Книга Альпийский синдром, страница 48. Автор книги Михаил Полюга

Разделитель для чтения книг в онлайн библиотеке

Онлайн книга «Альпийский синдром»

Cтраница 48

– Чем это ты гремишь? – не удержавшись, она все же подалась ко мне с настороженной, недоверчивой улыбкой.

Я с шутовским поклоном подал строптивице коробку с мармеладом. И тут пакет с рыбой подпрыгнул и затрепетал, заставив Дашу прижаться ко мне еще теснее.

– Что там? – прочитал я по губам и испуганно взлетевшим ресницам.

И тотчас из пакета, брошенного к ее ногам, с шорохом высунулась и зевнула красногубая рыбья голова и поглядела на нас мученически, с немым укором.

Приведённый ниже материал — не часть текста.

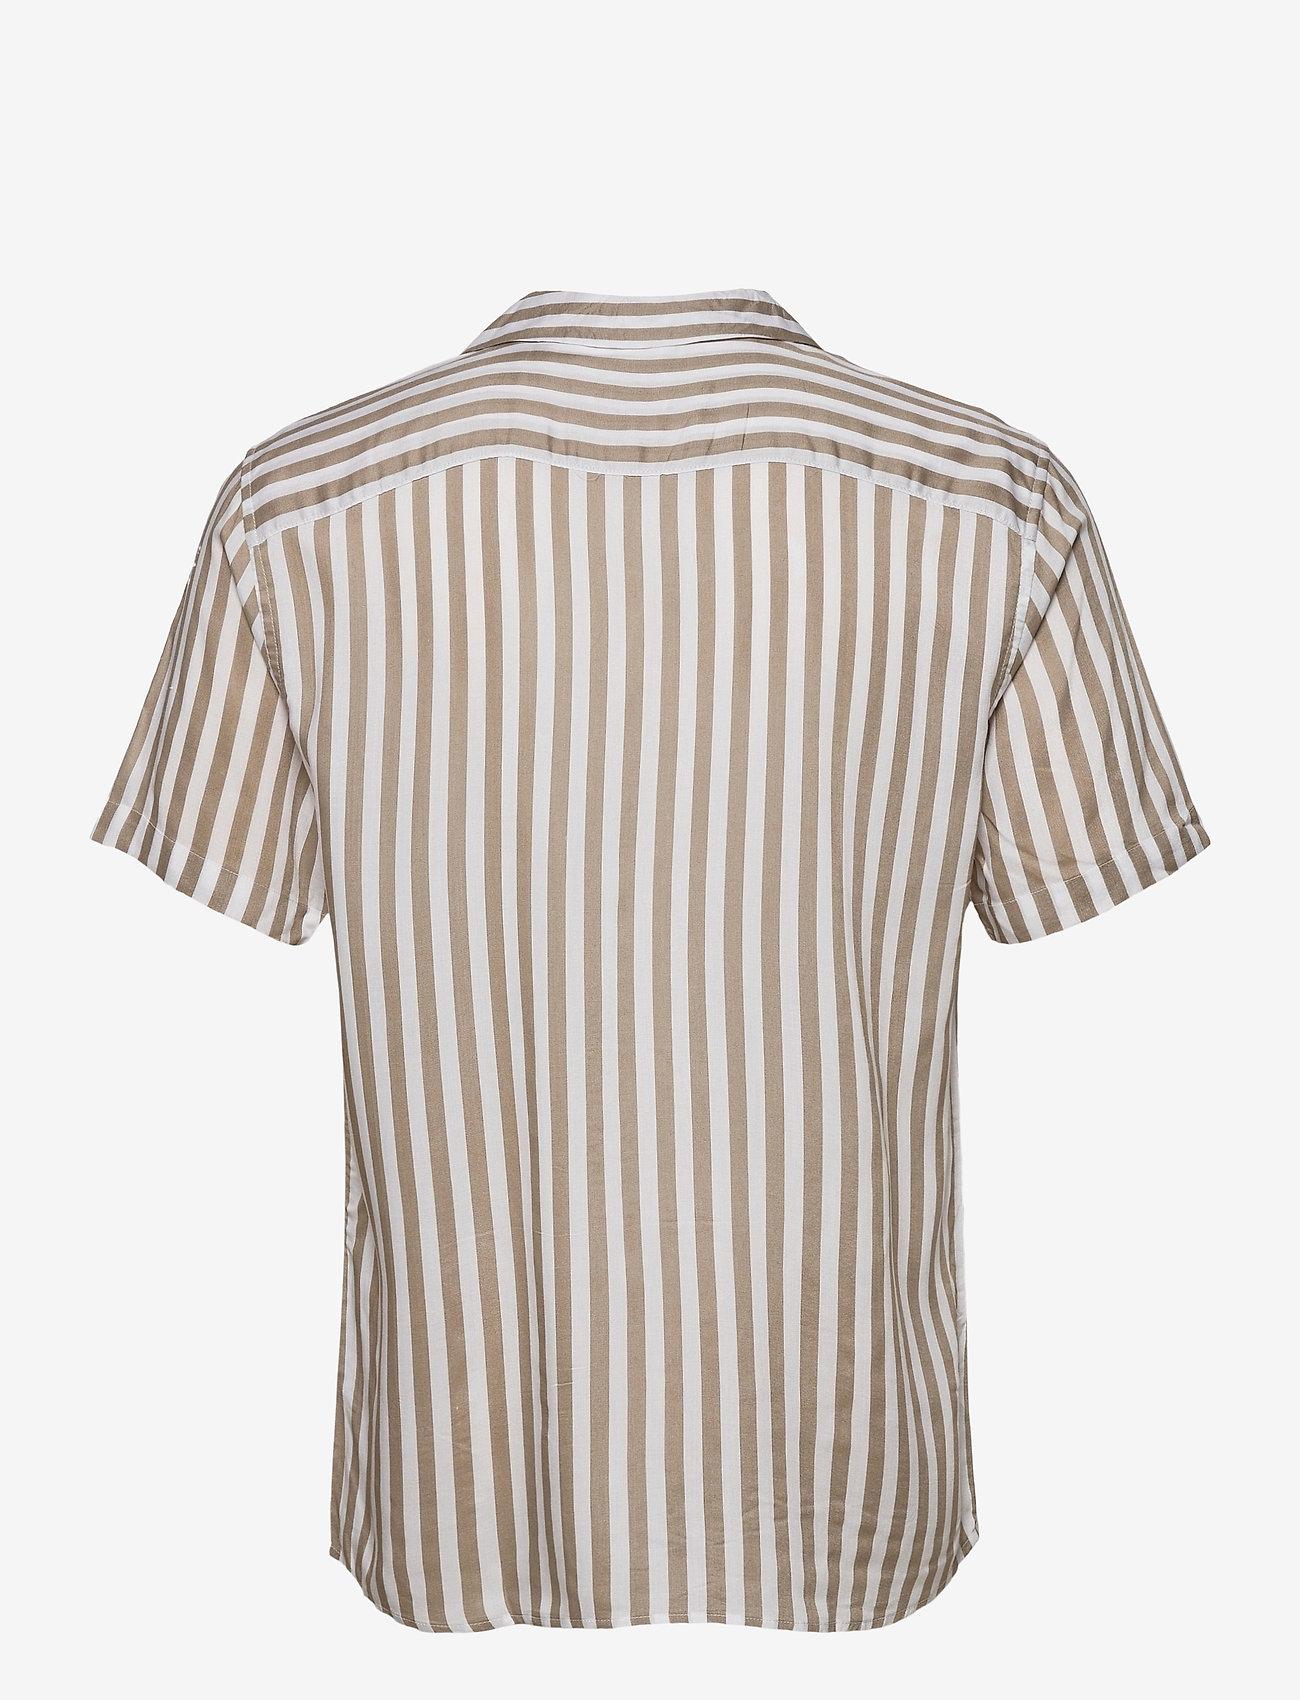 ONLY & SONS - ONSWAYNE LIFE SS VISCOSE SHIRT - koszule w kratkę - chinchilla - 1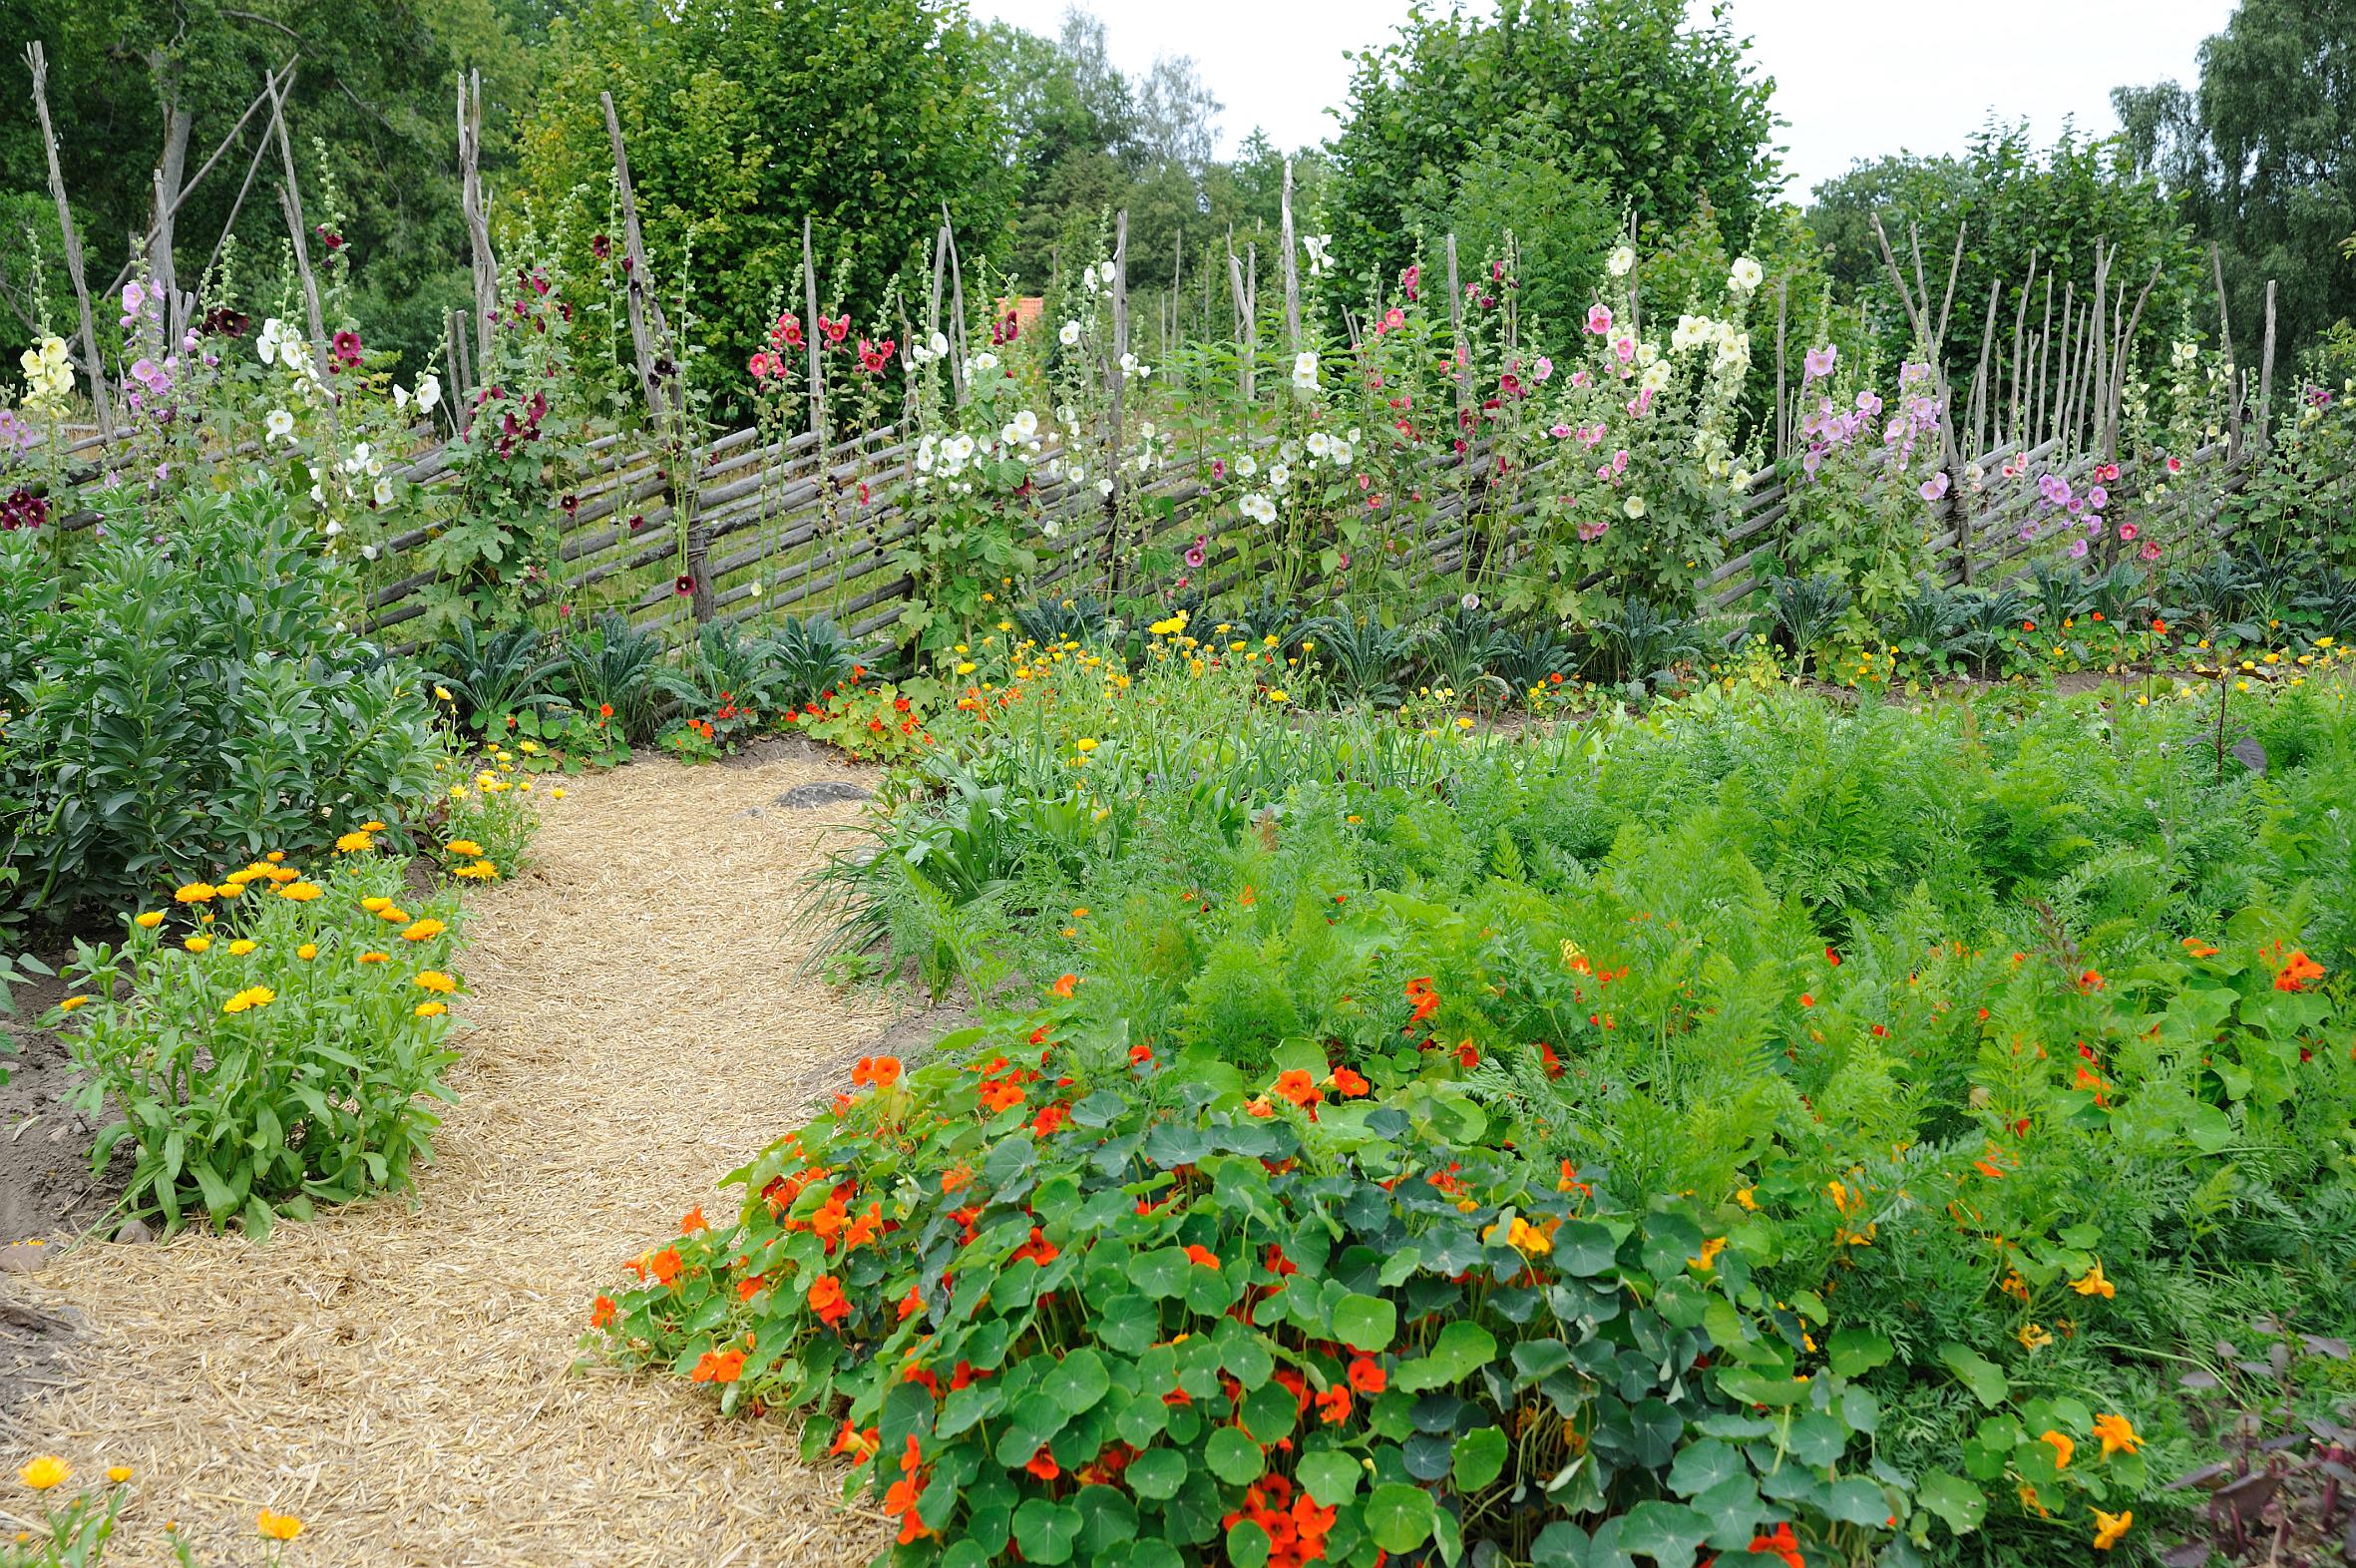 Zusatzbilder zum Artikel: Schönes und Nützliches – Stauden und essbare Pflanzen für den Garten

Ночью Даша спросила меня: что делать с домом? У нее была давняя устоявшаяся привычка – приберегать неприятные вопросы на неподходящее для этого время, и этими вопросами она всякий раз заставала меня врасплох, я терялся и злился одновременно.

– То есть как что делать? Строить! – пробормотал я с непоколебимой уверенностью идиота. – Не сразу, постепенно. Ведь рано или поздно, но все наладится, и тогда…

– Может, продать его и перебраться в Приозерск? – неуверенно и робко шепнула Даша; видимо, эта мысль зрела в ней давно, и теперь она решила, что пришло время поделиться ею со мной. – Офицерские жены всегда ехали за мужьями. И это правильно. Разве хорошо, что мы порознь?

Я насторожился, и сон тотчас улетучился из меня.

– Что значит порознь? И сейчас? И каждый вечер?

Но она упрямо поджала губы:

– Да, порознь! Мне кажется, с каждым днем ты отдаляешься от меня. И этот дом, и все это разве сопоставимо, если мы не вместе?..

– Что ты такое говоришь? Как можно! – со вздохом возразил я, целуя ее в теплую ложбинку между ключицами. – Дом мне дорог. И тебе стал дорог. А уехать… Мало ли как обернется… И что, остаться в той дыре навсегда?

– А если придется остаться без меня?

У меня все похолодело внутри, – и тут внезапный телефонный звонок спас нас от этого душевного разора…

29. Киллер местного разлива

Звонил дежурный по райотделу: в Вербовке убийство.

Тревожить Игорька я не стал. Наскоро собравшись, завел «семерку» и, пока двигатель прогревался, вернулся на полутемное крыльцо и обнял Дашу, поднявшуюся с постели, чтобы меня проводить. На ней был только ситцевый халатик, волосы спутаны, глаза тревожны, – и, может быть, потому ответный поцелуй показался мне вымученным и мимолетным.

– Позвони, как только приедешь, – попросила она, – иначе не засну.

Когда я отъезжал, ее тонкая, потерянная во мраке ночи фигурка все еще виднелась в дверном проеме, скупо подсвеченном изнутри тающим желтым светом. «Как все неправильно, как все плохо! – подумал я с жалостью к жене. – Одна, в неустроенном пустом доме… Только охотничье ружье оставлено под кроватью, но, если что случится, выстрелить из него она не сумеет».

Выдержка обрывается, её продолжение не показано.